Prompt
In the entries that follow, the lines from the line containing "Towels hanging on" up to and including the line containing "Silver Skull Ring" must be copied exactly, with pictures omitted.

Source data

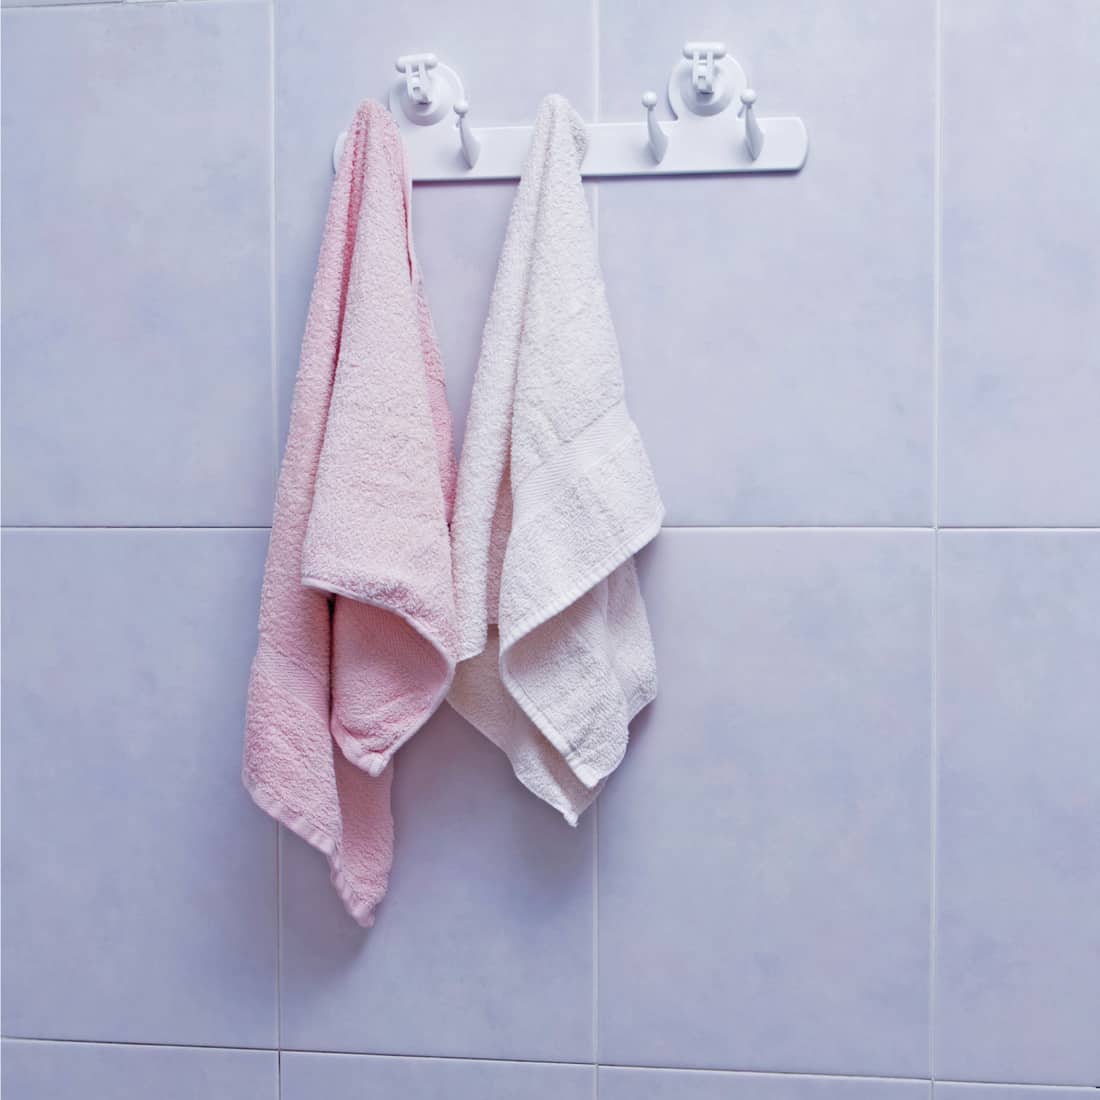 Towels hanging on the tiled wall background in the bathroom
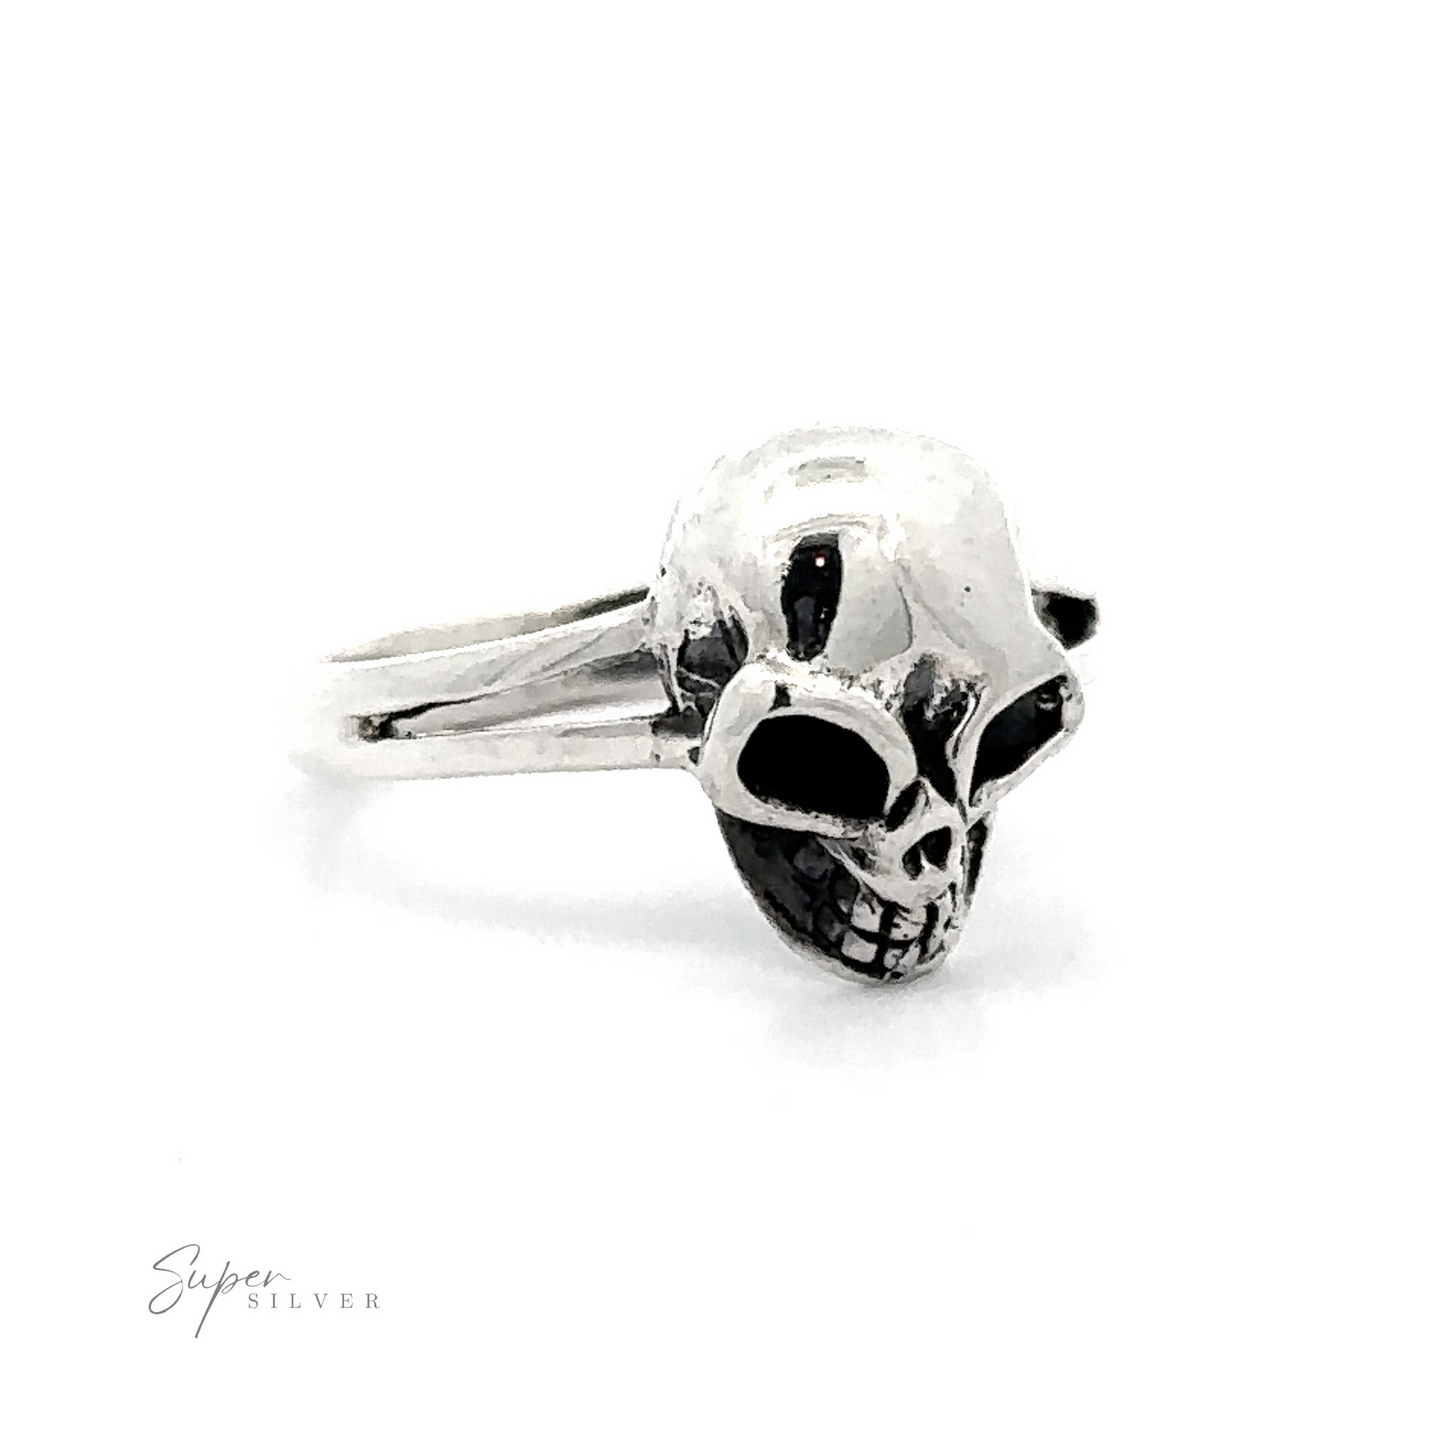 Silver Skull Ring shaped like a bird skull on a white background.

--

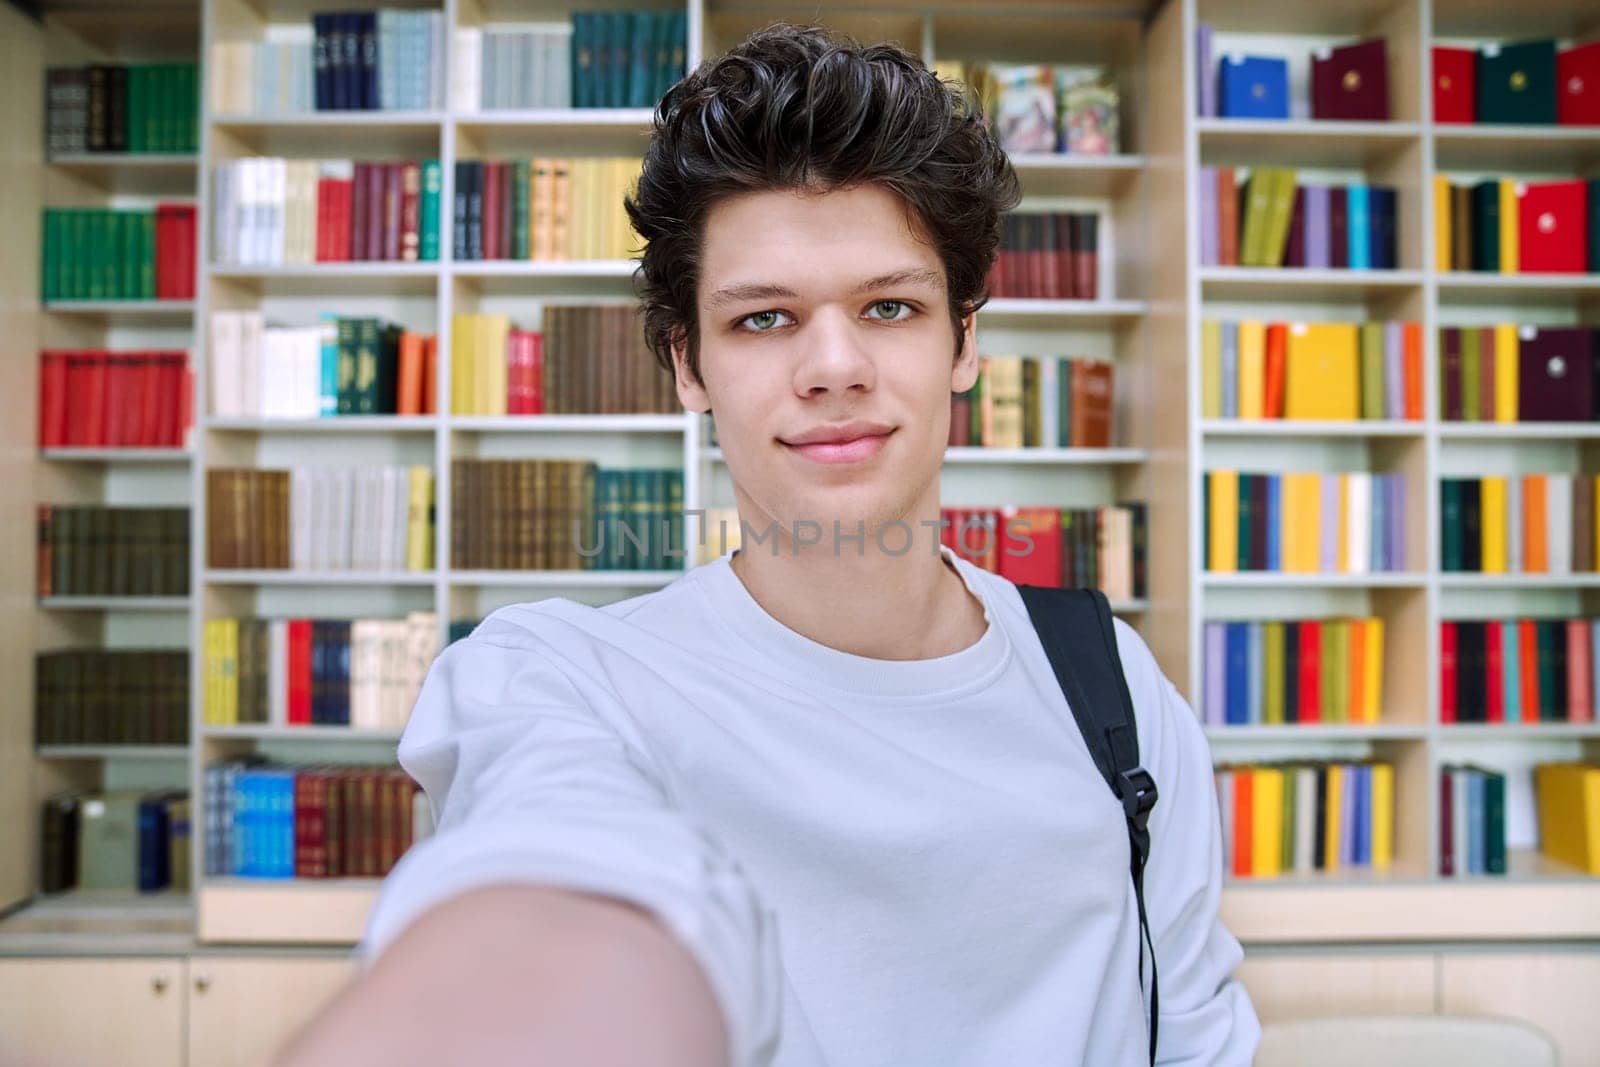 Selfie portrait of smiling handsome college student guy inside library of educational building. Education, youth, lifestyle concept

Task output
 Towels hanging on the tiled wall background in the bathroom
 Silver Skull Ring shaped like a bird skull on a white background.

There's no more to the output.